Только единичные объекты являются субстанциями. Они всегда сложны:

1) сложными являются сущности и существования. Сущностью каждой вещи является то, что обще ее видам и заключено в определении. Сущность Бога такова, что она предполагает Его существование. В то же время, однако, сущность сотворенных Им вещей существования не имплицирует. Из их сущности не следует, что они должны существовать. Человек или камень существует не благодаря своей «сущности», а благодаря какому-то другому фактору. В этом лежит принципиальное различие между Богом и творением. Отсюда, Бог является необходимым бытием (Он должен существовать, поскольку это лежит в Его сущности) и независимым (поскольку Он существует только исходя из собственной природы), а творение является случайным и зависимым бытием (поскольку существование не лежит в его природе). Следовательно, Бог является простым бытием, а творение – сложным, так как оно складывается из сущности и существования;

2) сущность телесных субстанций, в свою очередь, состоит из формы и материи. Форма является основой того, что в остальных существах является качественным, а материя – основанием того, что является индивидуально различным. Форма является источником единого в субстанциях, а материя же – источником множественности. А если она является проявлением множественности, то и телесности. В этом лежит принципиальное различие между духовным и телесным миром; и то, что телесно, состоит из формы и материи, а то, что чисто духовно, то (вопреки августинизму) обладает только формой;

3) вышеприведенные различения Фома формулировал также при помощи наиболее общего, идущего от Аристотеля, противопоставления потенции и действия, или возможного и действительного бытия, форма является действующей, материя обладает только потенциальностью. Бог является чистым действием, творение же всегда включает в себя потенциальный фактор, который реализуется только постепенно.

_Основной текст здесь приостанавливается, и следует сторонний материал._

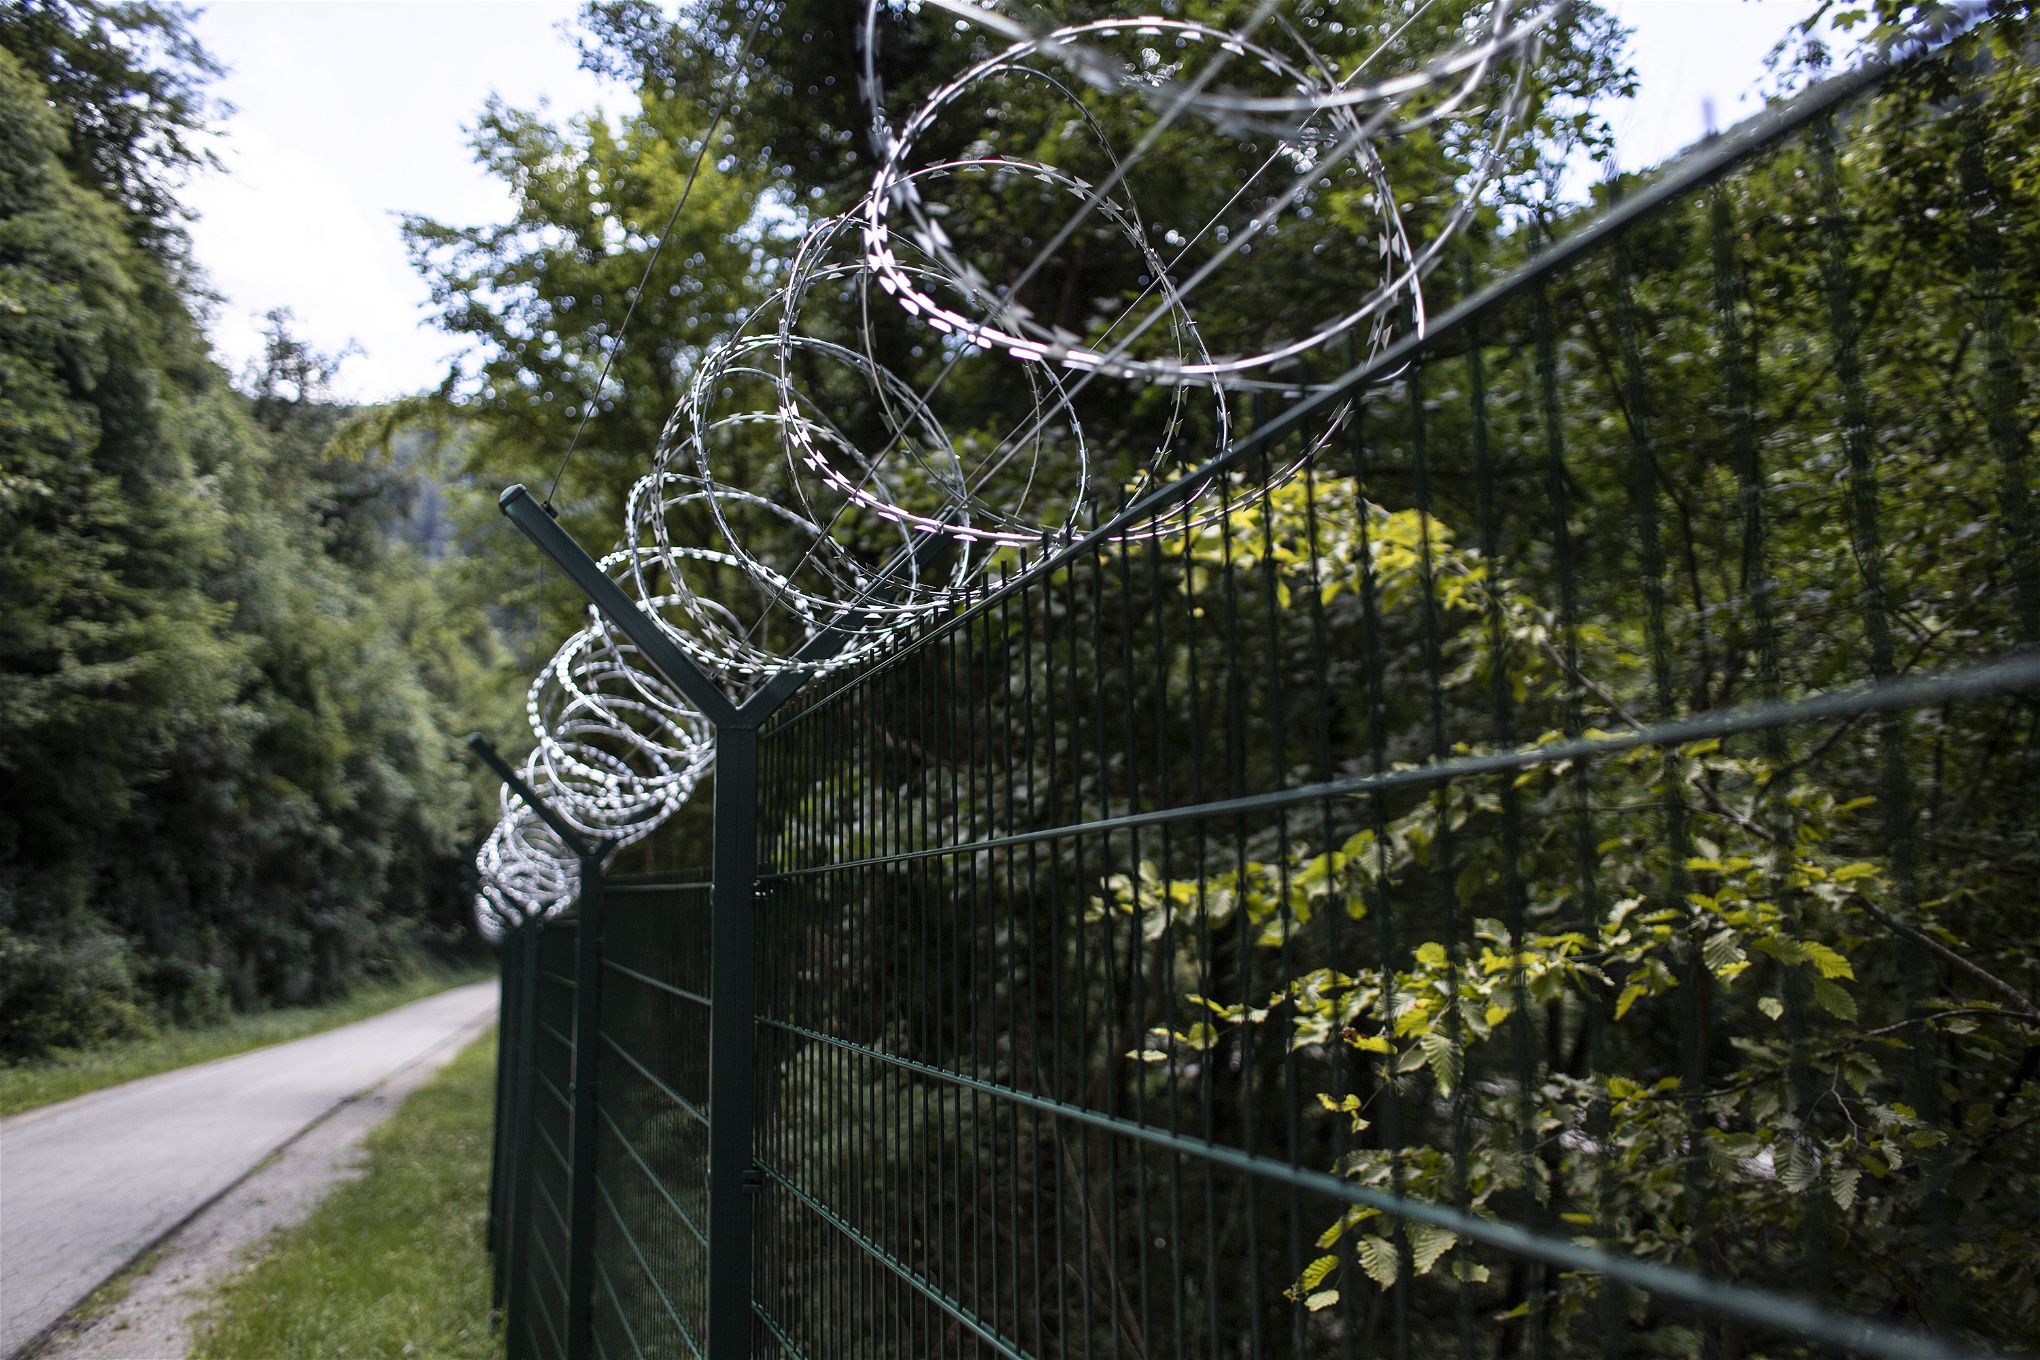 Foto: Daniele NapolitanoEn ny barriär har uppförts som skiljer Slovenien och Kroatien åt.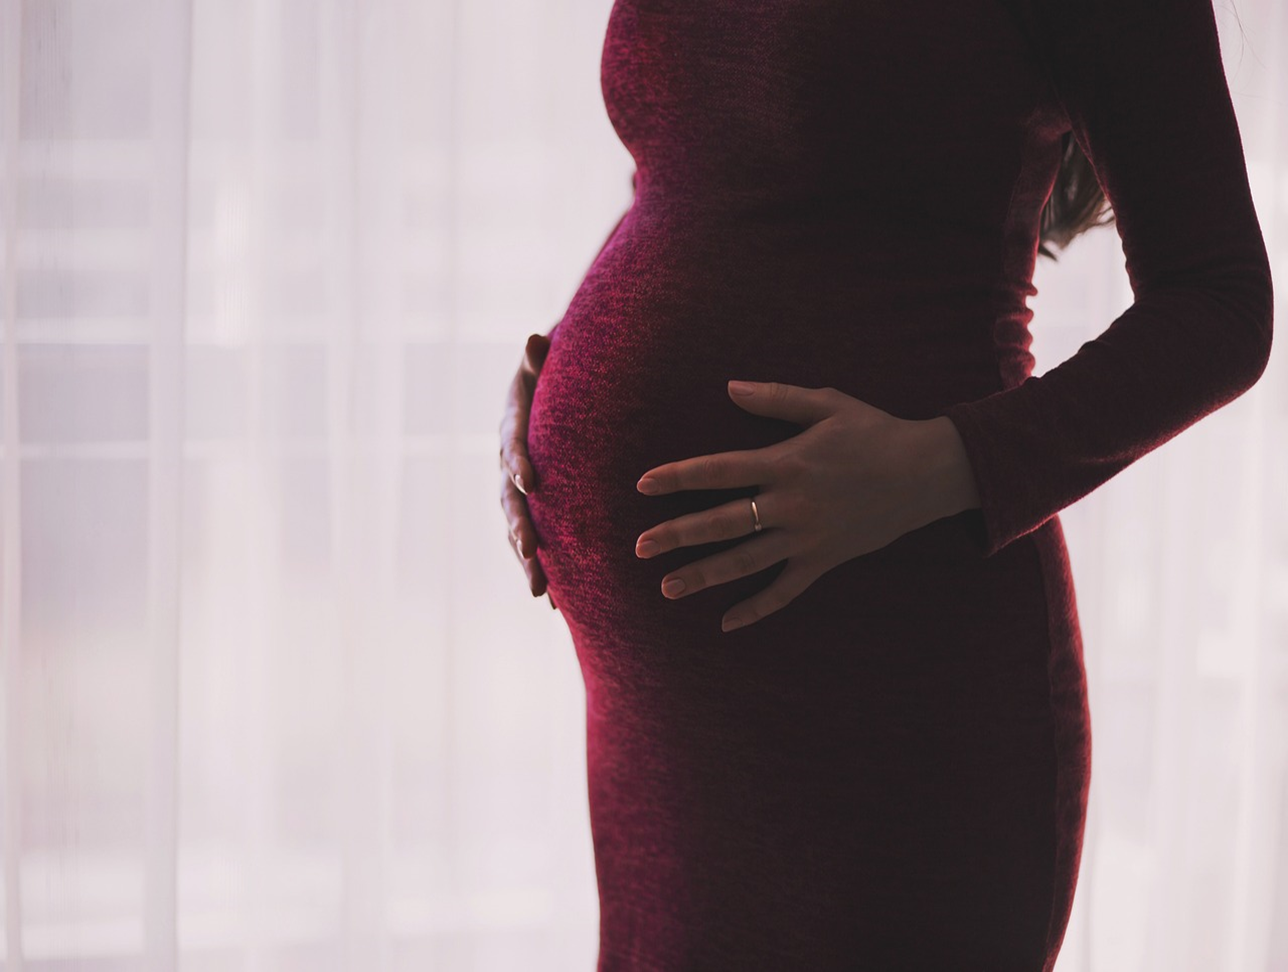 Women’s Health Tips After Pregnancy : प्रसव के बाद महिलाओं के स्वास्थ्य के लिए सुझाव

Различие между сущностью (essentia) и бытием

В трактовке проблемы бытия Фома, отправляясь от Аристотеля, признавал существование единичных вещей, или сущностей. Однако сущность вещей и существ не предопределяет с необходимостью их существования, которое они получают только от Бога. Лишь в Боге сущность и существование пребывают в вечном единстве.

Фома (вслед за Боэцием) проводит решающее различение – между сущностью и бытием. Можно знать сущность чего-либо, не ведая, существует ли оно. Бытие есть принцип, лишь благодаря которому сущее является существующим. Акт наделения бытием (actus essendi) делает сущее сущим. Поэтому бытие так относится к сущности, как акт – к потенции. Бытие есть чистая актуальность, связанная в сущности и этим ограниченная.

Во всем тварном сущность и существование различны. Лишь в Боге его бытие совпадает с его сущностью. Бытие Бога есть совершенство как таковое: к его простоте нельзя ничего прибавить, от нее нельзя ничего отнять.

Путем привхождения материи возникают индивидуально различные субстанции, в которых сущность и существование, форма и материя различны. Нематериальная, бессмертная душа человека удерживает поэтому свою индивидуальность – ведь она, будучи формой тела, и после отделения от тела сохраняет качество единичности.

Бог как чистый акт бытия

В томистской доктрине, как и в предшествующей схоластике, Бог отождествляется с Бытием, но понятие бытия при этом переосмысляется. Глубочайшим смыслом слова "бытие" становится акт, на который указывается глаголом "быть". Акт бытия, благодаря которому все вещи получают существование, т. е. становятся вещами, о которых можно сказать, что они есть, составляет “сущность” Бога. В Боге нет никакой сущности, отличной от акта бытия, никакого "что", которому может быть приписано существование. Его собственное бытие и есть то, что Бог есть. Такое бытие непостижимо для человеческого разума. Можно привести доводы, убеждающие, что Бог есть, но мы не можем знать, что он есть, поскольку в нем не существует никакого "что". Человеку доступно лишь знание сотворенных вещей, являющихся не простыми, а составными, составленными из сущности и существования: в них есть то, что получает бытие (сущность) и самое бытие, сообщаемое им Богом. Бытие, свойственное вещам, есть не просто бытие, а бытие чего-либо, некоторой сущности. Вещь не только есть, она есть "то-то и то-то", обладает определенностью, выражаемой ее существенными признаками. Глагол "есть" применительно к вещи указывает на конечное, ограниченное определенной формой бытие. В противоположность вещам бытие Бога бесконечно; не будучи ограничено каким-либо определением, оно находится за пределами любого возможного представления и невыразимо.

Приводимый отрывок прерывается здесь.